Note the ssh.conf.J2 – this is a standard for deploying templates with Ansible. I have also invested a fair amount of time in creating similar YAML files for deploying ntp, fail2ban, filebeat, sendmail, nginx and a ton of other packages. My favorite one so far, and that is earning me the best of the laziest title, takes a combination of iptables to filter server access services by whitelist, then deploys fail2ban with a generic jail.local file to block malicious auth attempts against various services. Then lastly, it dumps a fully TLS enabled filebeat logger back through a firewall port into an elk stack!

Iptables:

—

- hosts: all  
  become: yes
  tasks:
   - name: CAREFUL ## deploy canned iptables ruleset ## CAREFUL
         copy: src=/etc/ansible/roles/common/templates/iptables.rules.j2 
         dest=/etc/iptables.rules
         tags: iptables

   - name: CAREFUL ## deploy firewall u+x file to enable iptables rules ## CAREFUL
         copy: src=/etc/ansible/roles/common/templates/firewall.j2 
         dest=/etc/network/if-up.d/firewall        mode="a+x"
         tags: firewall

Fail2ban:

—

- hosts: all
  become: yes
  tasks:
      - name: Install fail2ban
          apt: pkg=fail2ban state=installed update-cache=yes
          register: fail2ban_install
          tags: fail2ban

        - name: Install config
          template: src=jail.local.j2 dest=/etc/fail2ban/jail.local
          notify:
            - reload fail2ban

Filebeat:

—

- hosts: all
  become: yes
  tasks:
   - name: add apt_key for filebeat
         apt_key: url=https://packages.elasticsearch.org/GPG-KEY-elasticsearch 
         state=present
         tags: apt_key filebeat

   - name: add apt_repo for elastic software
         apt_repository:
           repo: "deb https://packages.elastic.co/beats/apt stable main"
         tags: filebeat repo         

   - name: install filebeat
         apt: pkg=filebeat state=installed update_cache=true
         tags: filebeat

   - name: create remote directory structure /etc/pki/tls/certs
         file: path=/etc/pki/tls/certs state=directory mode=0755
         tags: filebeat tls directories 

   - name: copy over the tls verification cert for secure logging
         copy: src=/etc/ansible/roles/common/files/logstash-forwarder.crt 
         dest=/etc/pki/tls/certs mode=0755
         notify:
           - restart filebeat
         tags: filebeat

   - name: deploy standardized internal network config via template
         template: src=/etc/ansible/roles/common/templates/filebeat.conf.j2 
         dest=/etc/filebeat/filebeat.yml
         tags: filebeat config template

   - name: be sure filebeat is running
         service: name=filebeat state=restarted enabled=yes
         tags: filebeat

Basically, from a Linux administration perspective, Ansible is an excellent choice.
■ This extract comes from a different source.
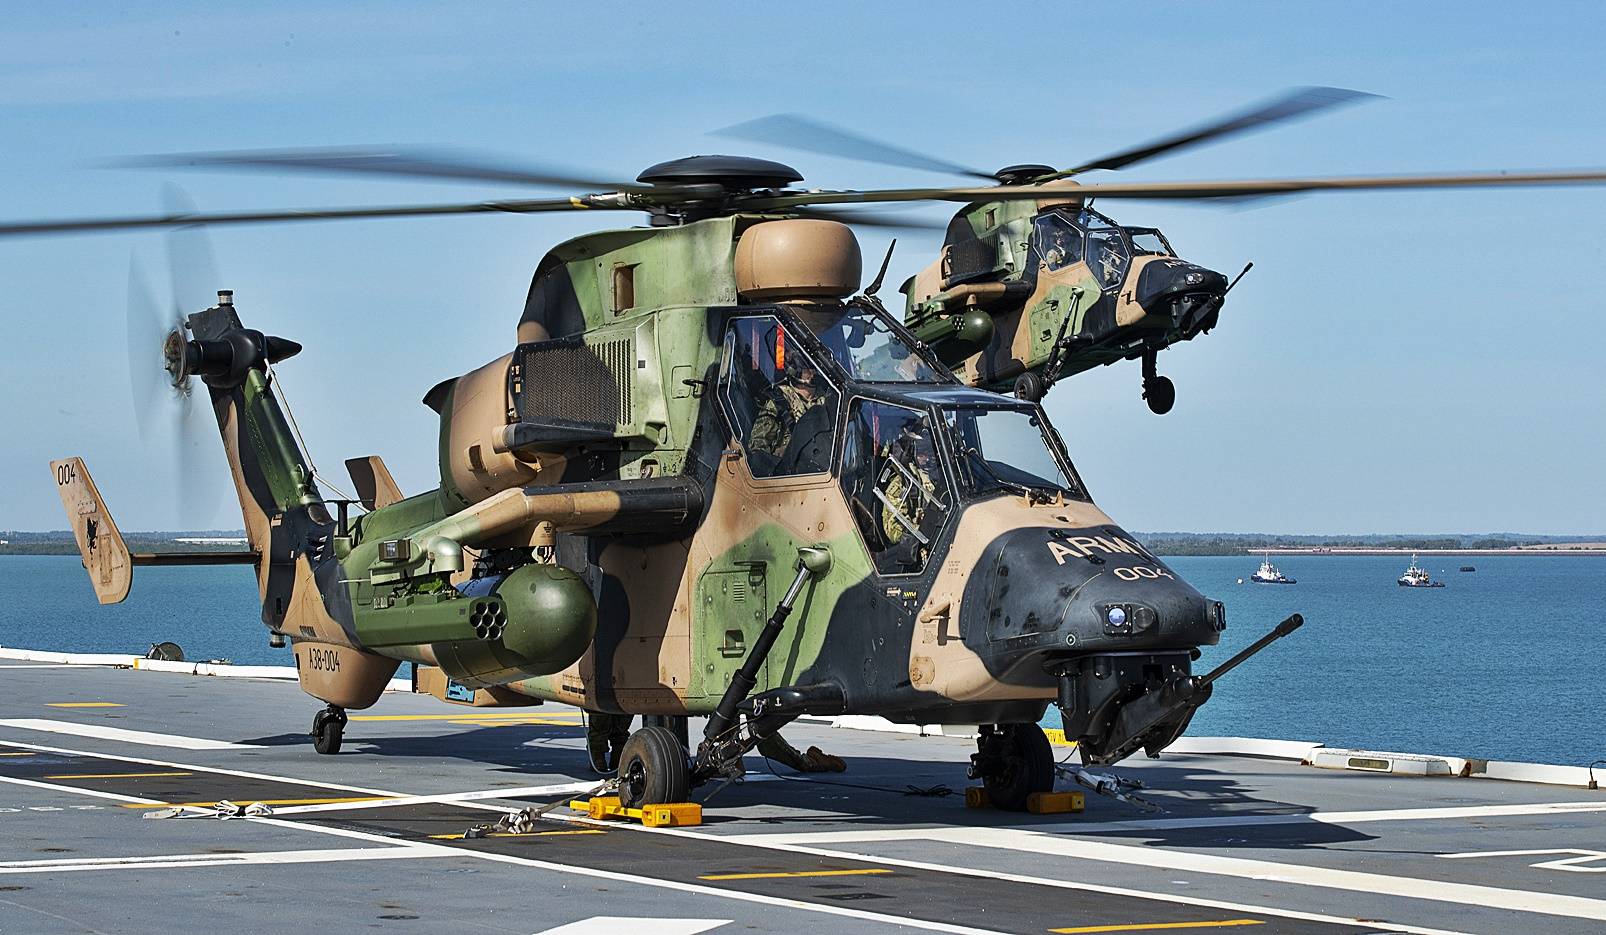 原创虎式武装直升机空中机动性能续航力机炮射击精确度方面均优于ah64

What we just went through here is basically still entirely ad-hoc – I stand up a server, create a new user called Ansible, add some keys for authentication and start running playbooks and command scripts. Even better, we can use roles to do almost all of this for us and if we are using AWS or Digital Ocean. Even better yet, we can pre-bake keys and users. If you get to this point, take a look at this last hyperlink – it describes how to bake all of your .yml scripts into a single playbook for use as a “bootstrapper.” Build a Linux box, add a key for Ansible to authenticate with, in five minutes I have a system online, fully firewalled, logging enabled, configured to spec, completely patched, booted and contributing services to digital hyperspace.